Exercise prompt –
Do not include the pictures; repeat the rest of the data exactly.

Raw data –

======

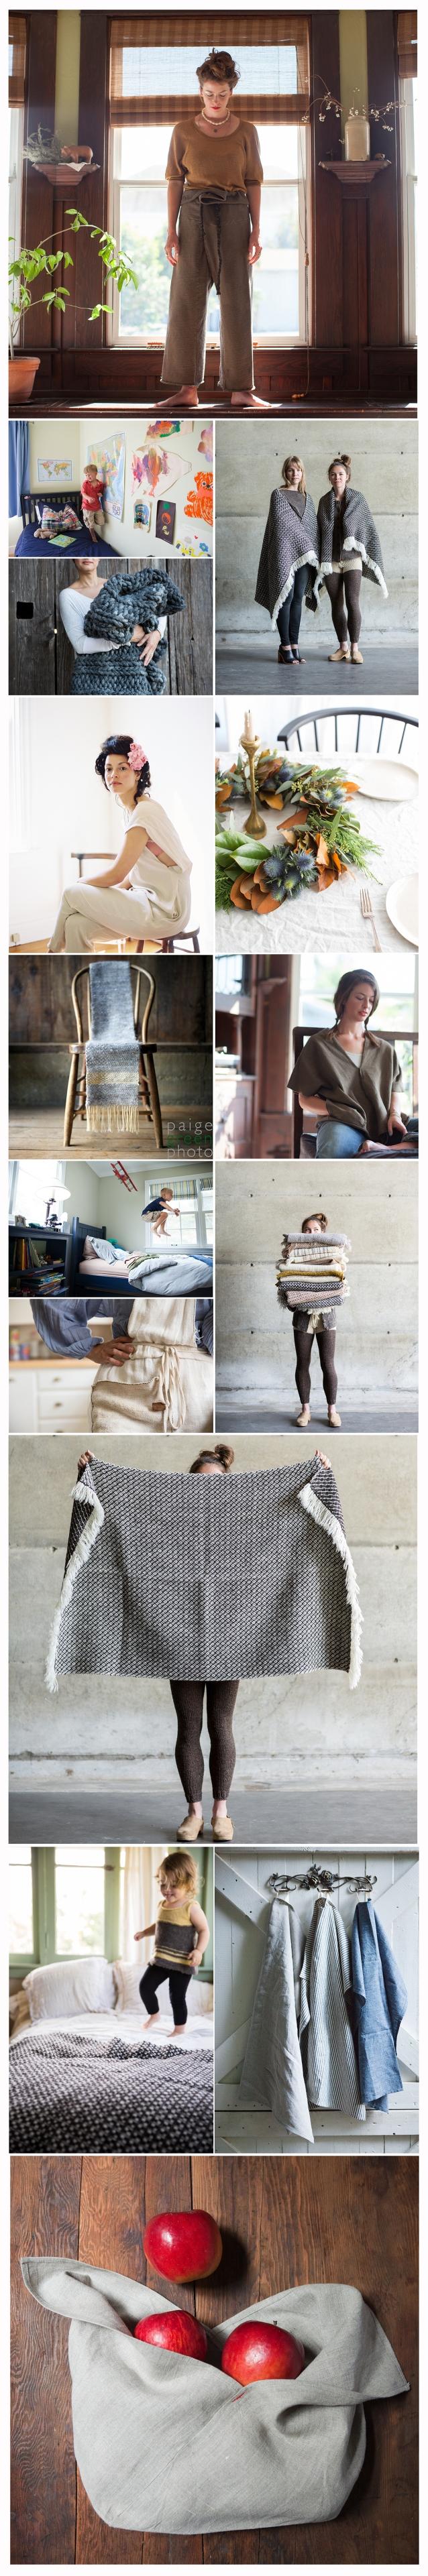 PaigeGreen-textiles-M2.0S
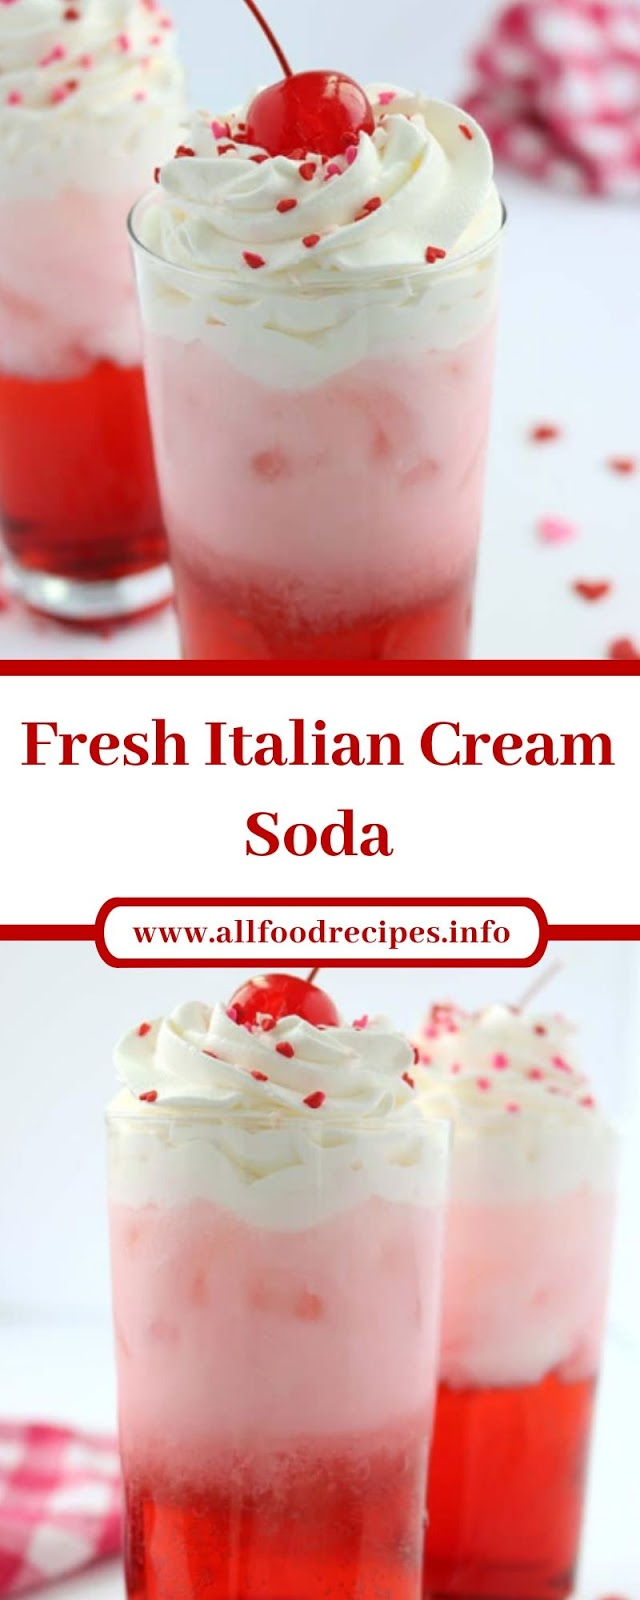 Fresh Italian Cream Soda
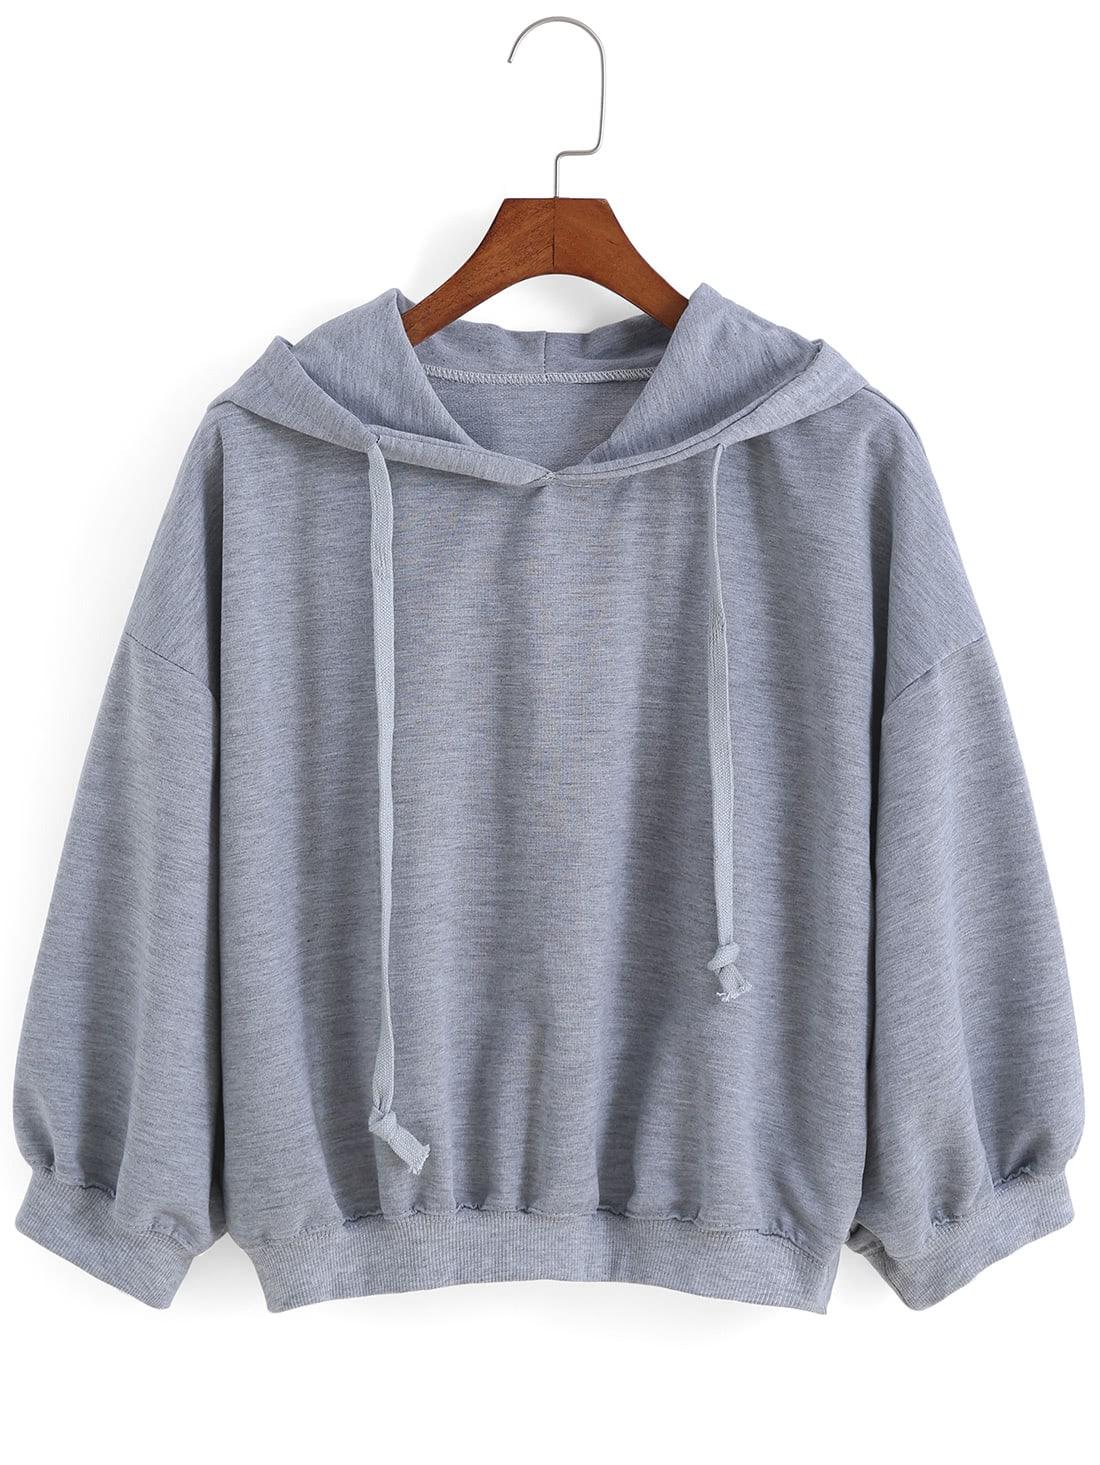 Hooded Drawstring Loose Grey Sweatshirt
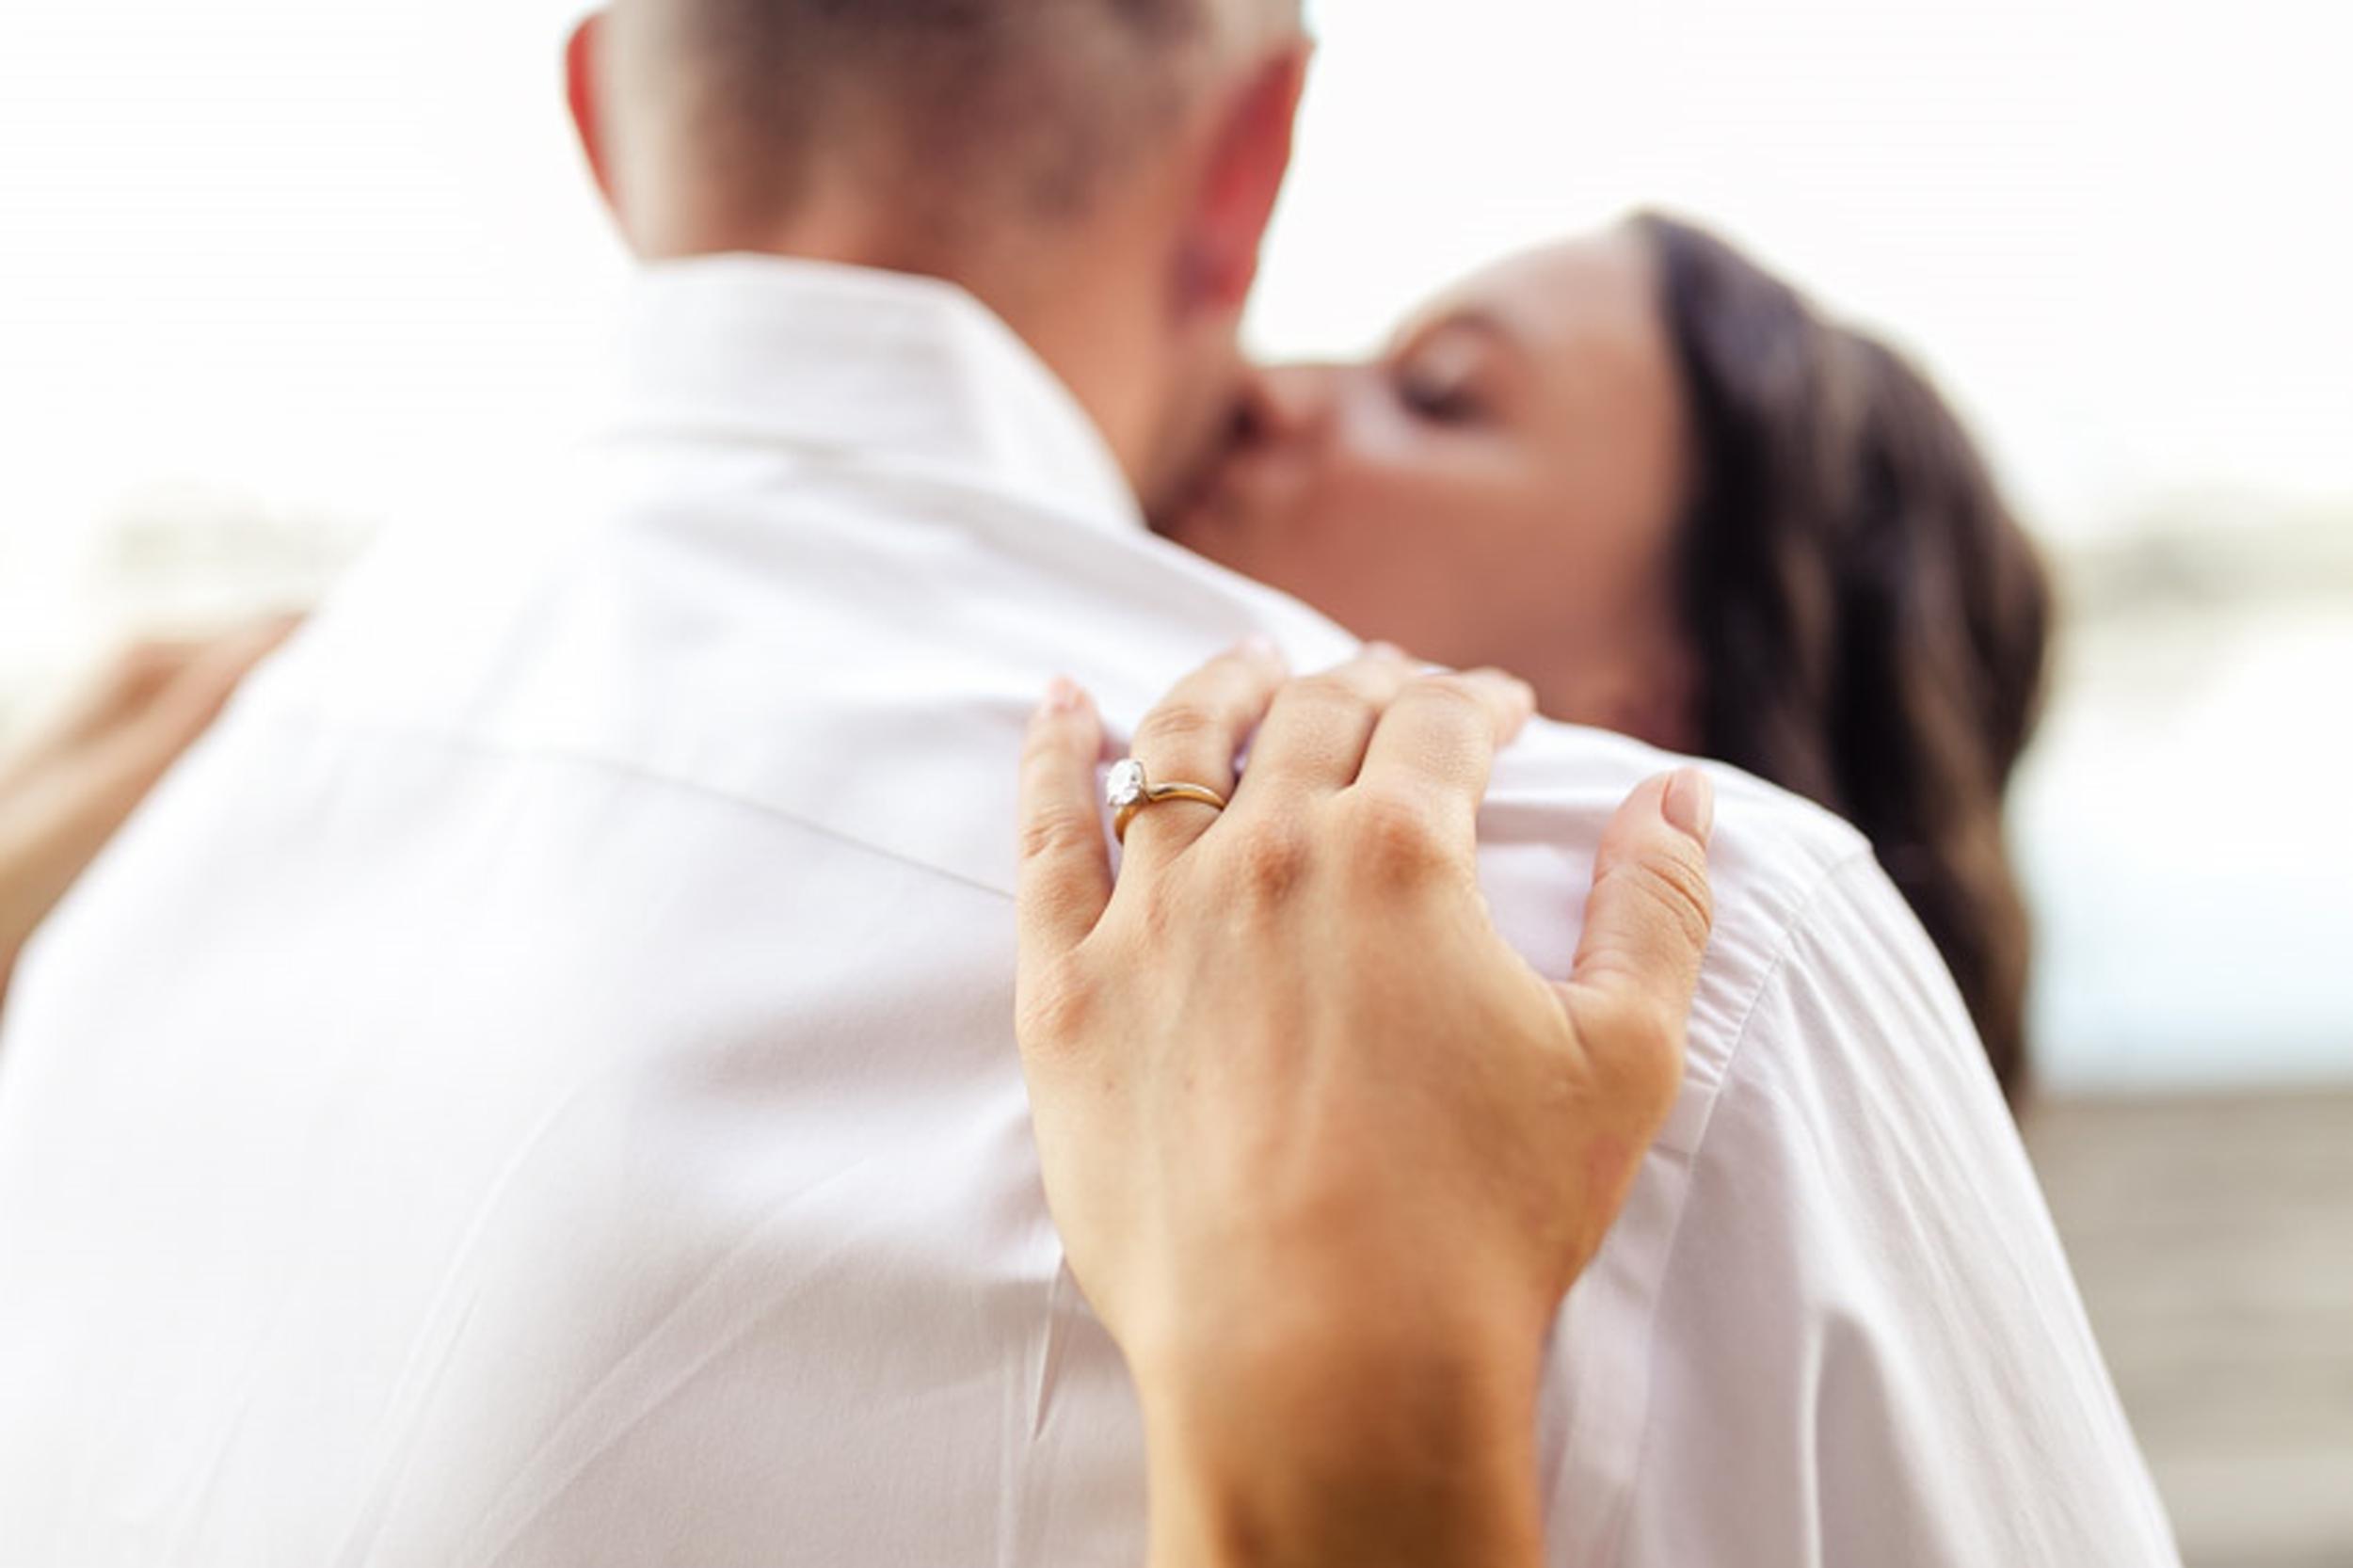 Kissing Engagement Ring

======

Written response –
 PaigeGreen-textiles-M2.0S
 Fresh Italian Cream Soda
 Hooded Drawstring Loose Grey Sweatshirt
 Kissing Engagement Ring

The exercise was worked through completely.